The Court of Justice is in a special position as a lessee, in that it has specific requirements in terms of construction (buildings accessible to the public, courtrooms equipped with interpreters' booths, etc.) which go beyond a mere need for office space. The Luxembourg authorities used that special position as an argument for fixing the rent in accordance with the cost of construction. The Court of Auditors' report contends that such a method of proceeding should have prompted the Court of Justice to envisage monitoring the cost of the construction and to require that the detailed arrangements of the building programme be formally set down in writing. It is further claimed that, while the parties were in a lessor/lessee situation, the Luxembourg authorities should have agreed to involve the Court of Justice in the definition of those arrangements.
The Luxembourg authorities did not however feel bound to involve the Court of Justice in the working out of the financial arrangements criticised in the Court of Auditors' report, or in the selection of the architect, the property developer and the main contractor.
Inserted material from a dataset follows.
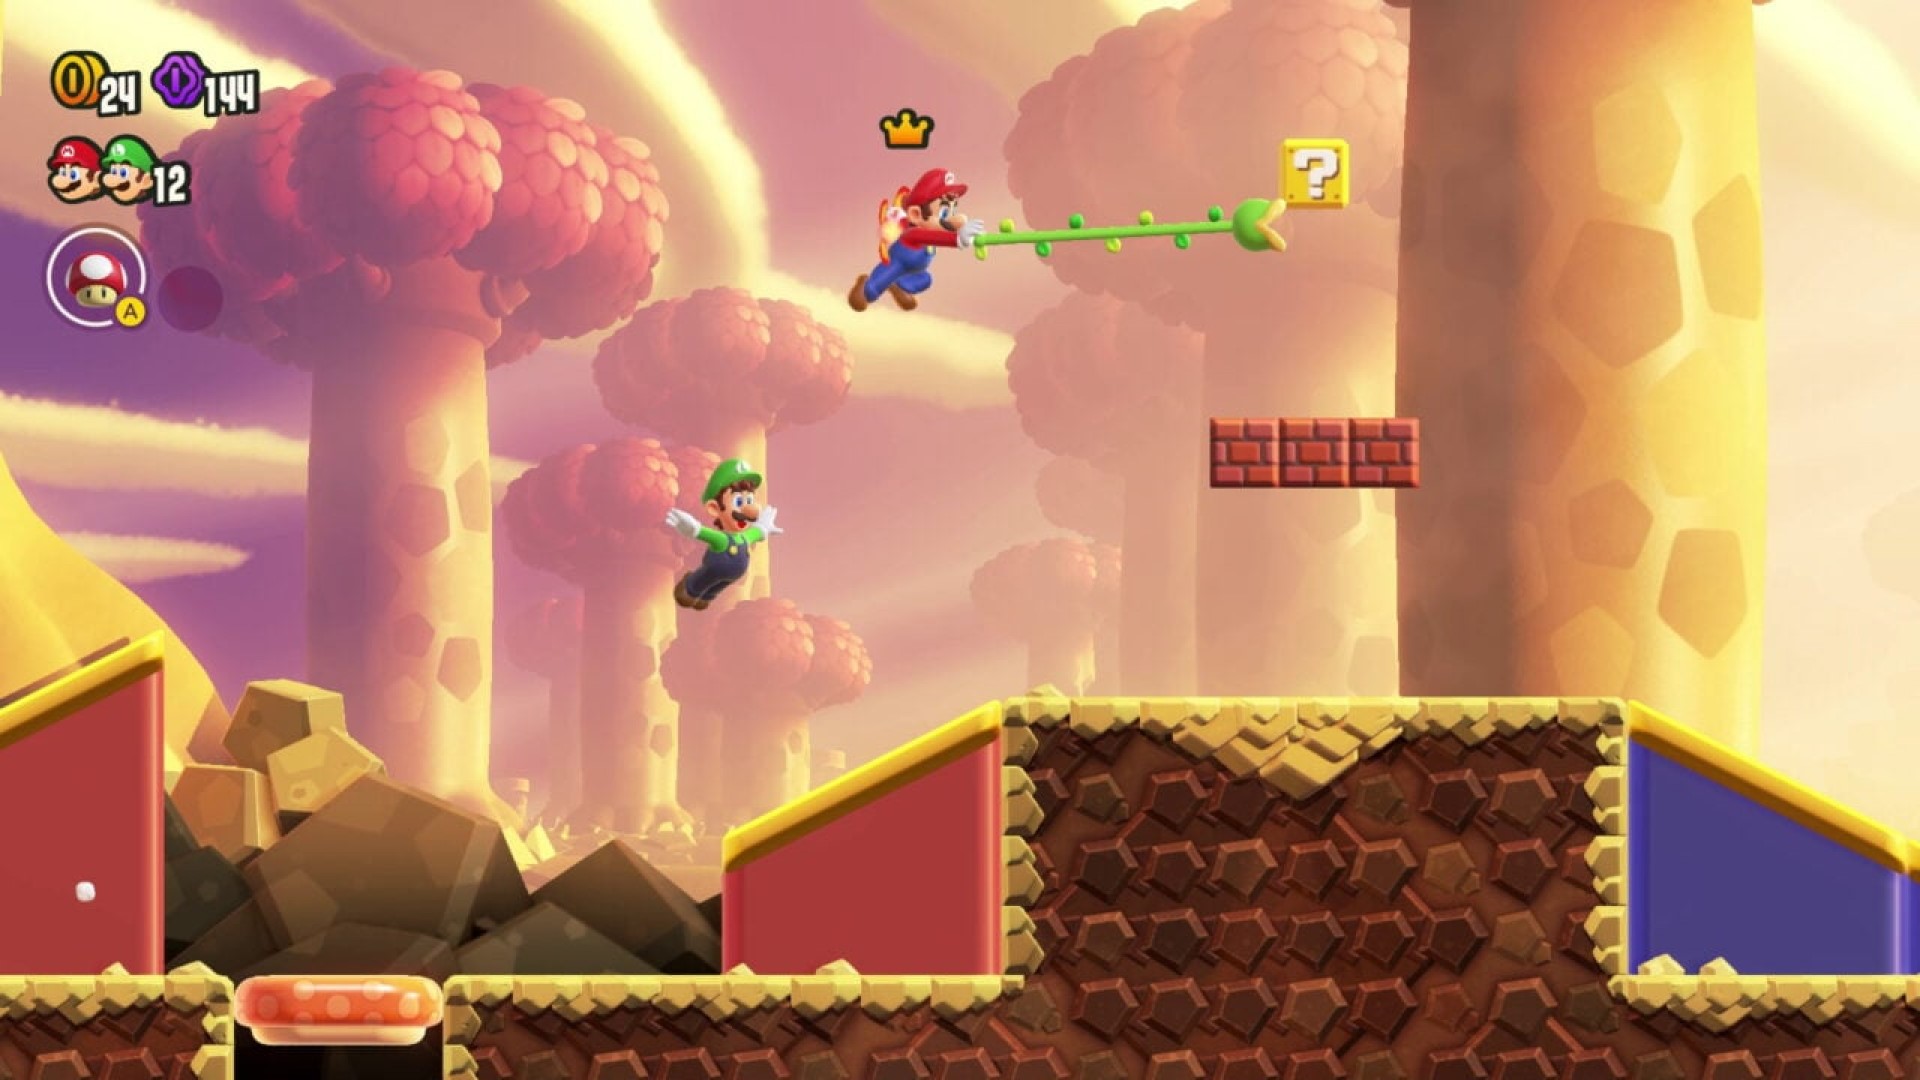 Super Mario Bros. Wonder Showcases Power-ups, Badges, Co-op, and More in Extensive New Gameplay
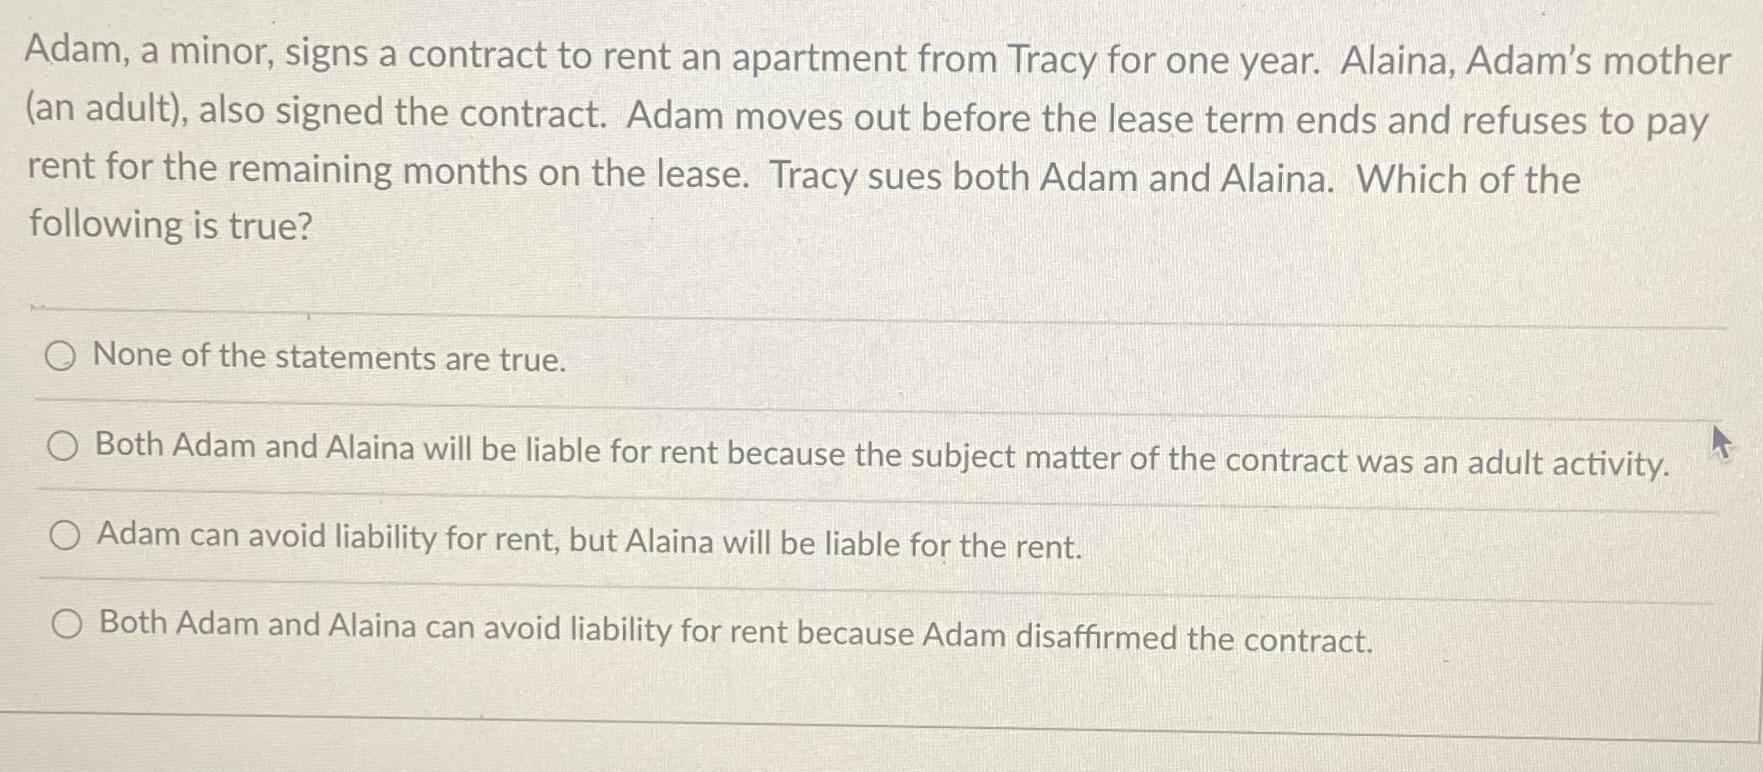 Adam, a minor, signs a contract to rent an apartment from Tracy for one year. Alaina, Adam's mother (an

It was not until the Court of Justice was called on to assume ownership of the premises that it was able to learn of the financial arrangements. However, its relations with the Luxembourg authorities continued to be affected by the situation obtaining at the outset. It experienced recurrent problems in obtaining the information needed for monitoring, whether in relation to the amount of the rent, exemption from VAT or the purchase of the land, and in obtaining explanations concerning certain alterations and additional works. A typical example of the ambiguity characterising the relations with the Luxembourg authorities is to be found in the fact that, despite their agreement to transfer ownership of the annexes on a non-profit basis, they continued to demand rent for the Palais notwithstanding that the cost of that building had been amortised a long time previously and despite the undertaking given by them in 1984 to reduce the rent in question in line with the amortisation of the cost of the building.
4.2. A gradual intensification of monitoring
Monitoring by the Court of Justice gradually increased in intensity (see point 4.2.1) and was ultimately placed on a systematic footing within the framework of the lease-option agreement (see point 4.2.2).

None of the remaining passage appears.